= Fashion entrepreneur =

A fashion entrepreneur is a person who has possession of a fashion enterprise, venture or idea, and assumes significant accountability for the inherent risks and outcome.

==Definition==
Originating from the term entrepreneur, a fashion entrepreneur is someone whose primary activities revolve around the fashion industry.

For example, a fashion designer who uses entrepreneurial principles to organize, create, and manage ventures within related and connected areas of the fashion industry. Fashion ventures include guide books for fashion designers

== Current practice ==

Fashion entrepreneurs focus on building networks within the industry and developing interconnected projects with diverse goals, such as education, profit, and raising their profile. Some aim to create platforms for sharing knowledge, while others work to address social and structural challenges within the fashion world.

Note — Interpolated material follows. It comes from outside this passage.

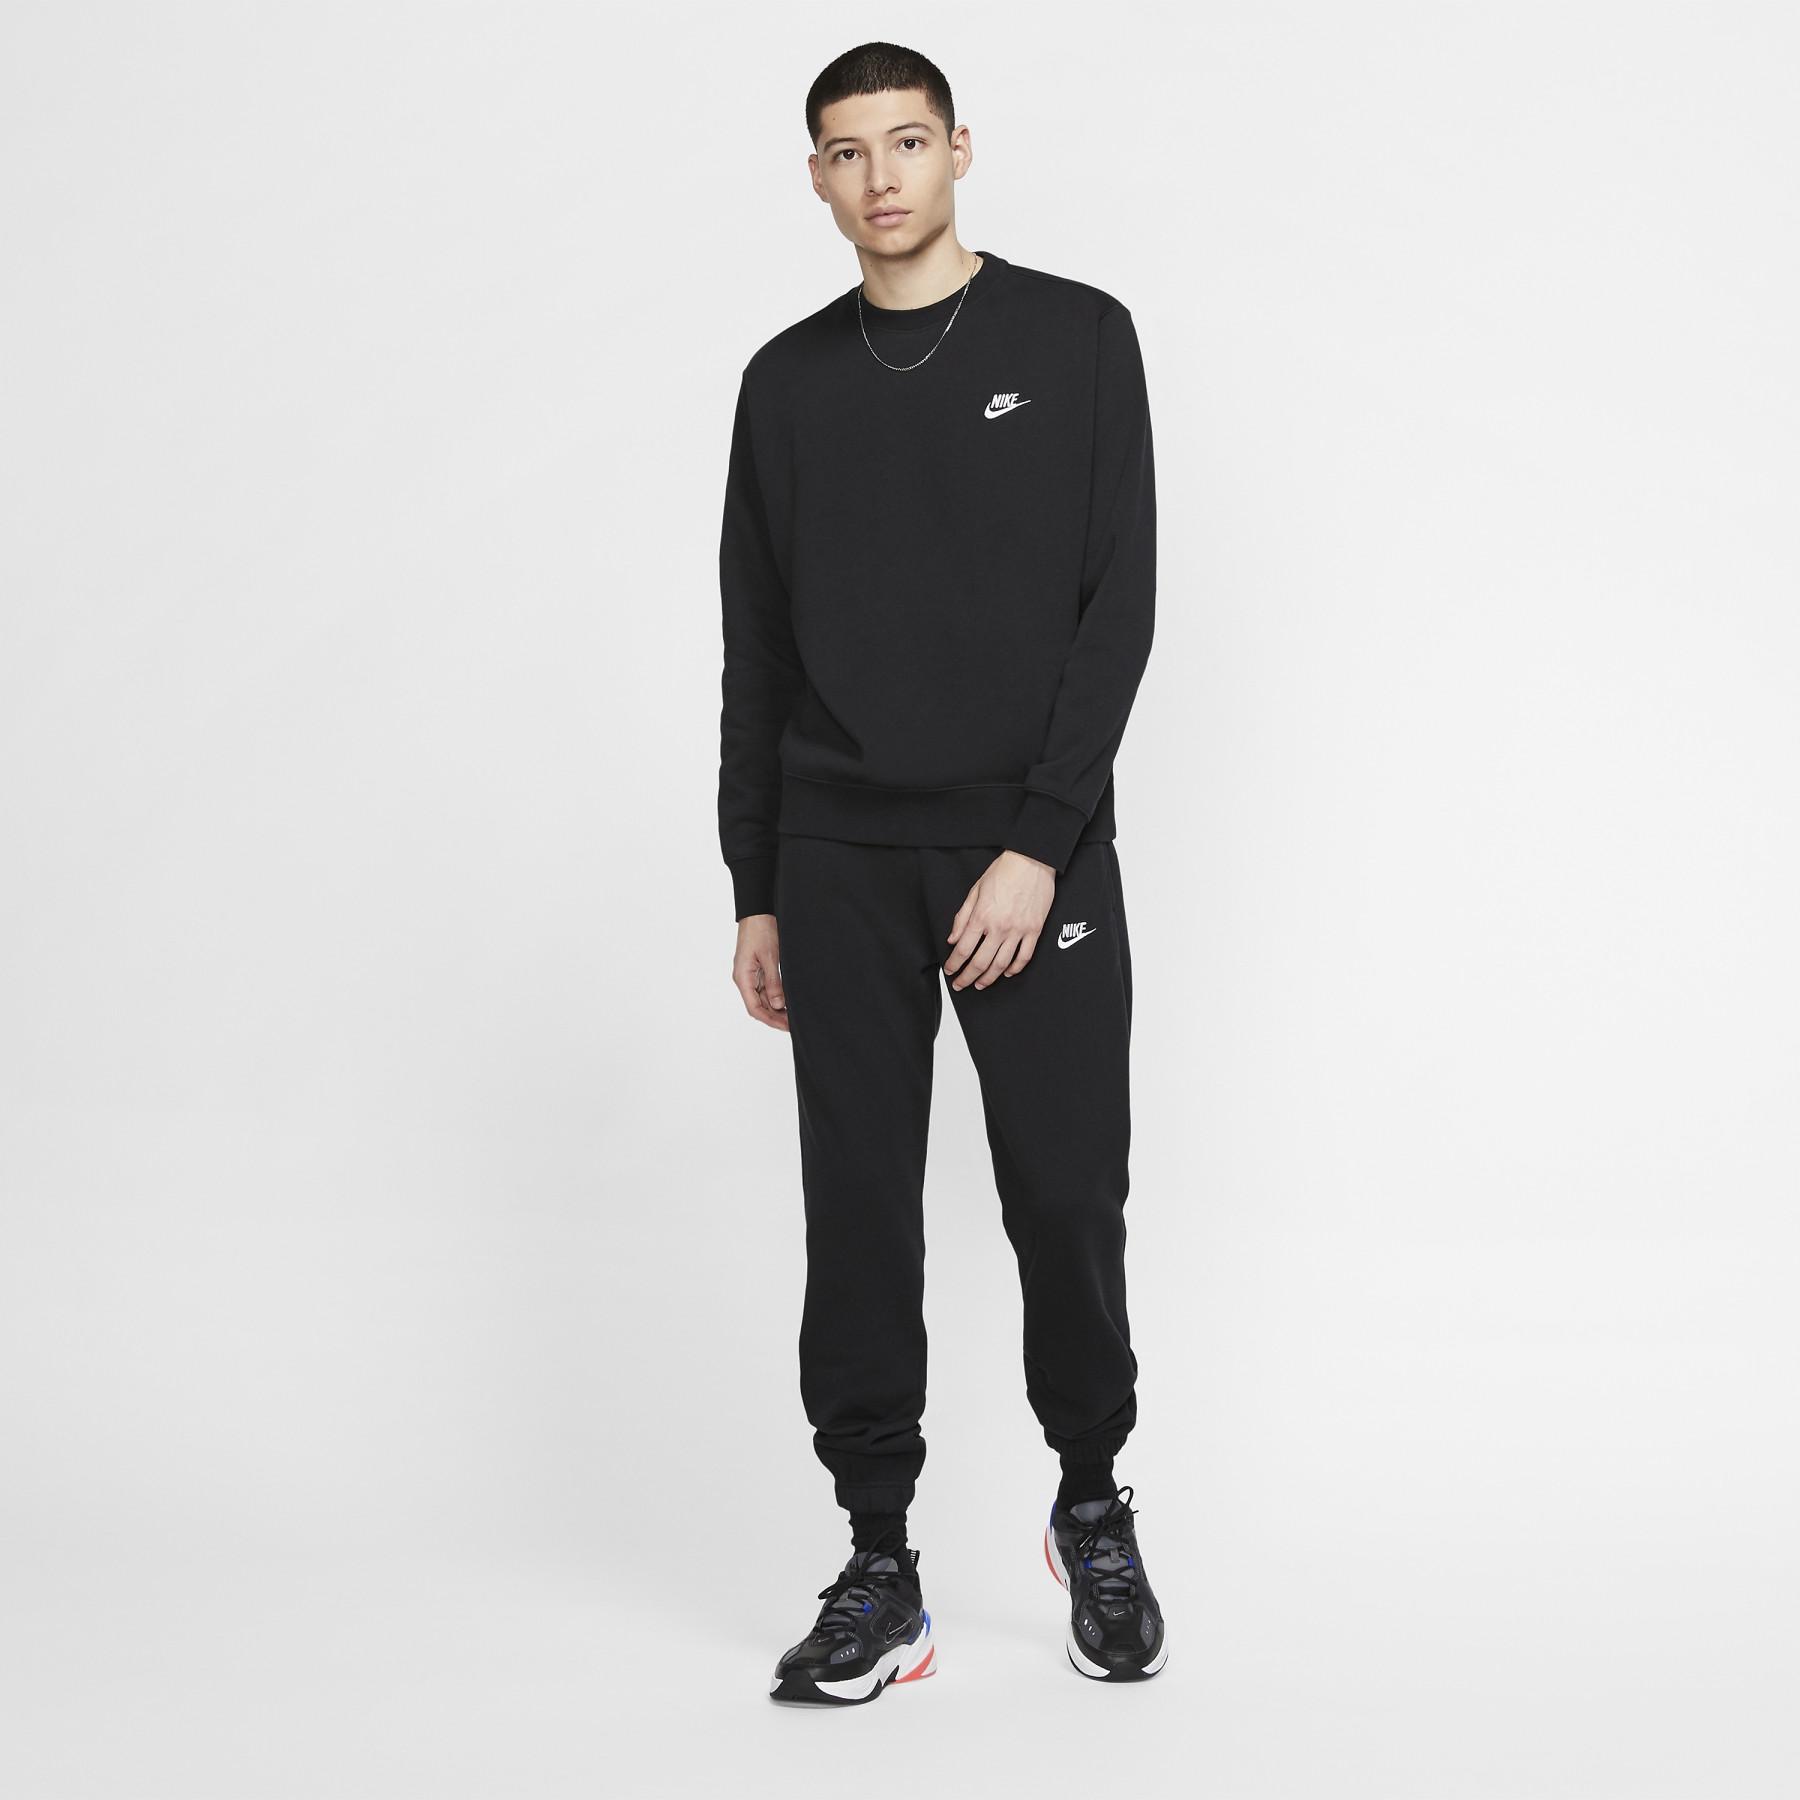 Sweatshirt Nike Sportswear Club Fleece - Nike - Brands - Handball wear

Core business practices for fashion entrepreneurs focus on topics such as creativity and innovation, writing business plans, raising finance, sales and marketing, and the small business management skills needed to run a creative company. Fashion entrepreneurs seek to deliver fashion business expertise in retail, manufacturing, money and marketing. The 21st century has seen the proliferation of organizations and award ceremonies promoting, inspiring and challenging online entrepreneurship by highlighting the enterprising attributes, creativity, innovation and the success of today's entrepreneurs.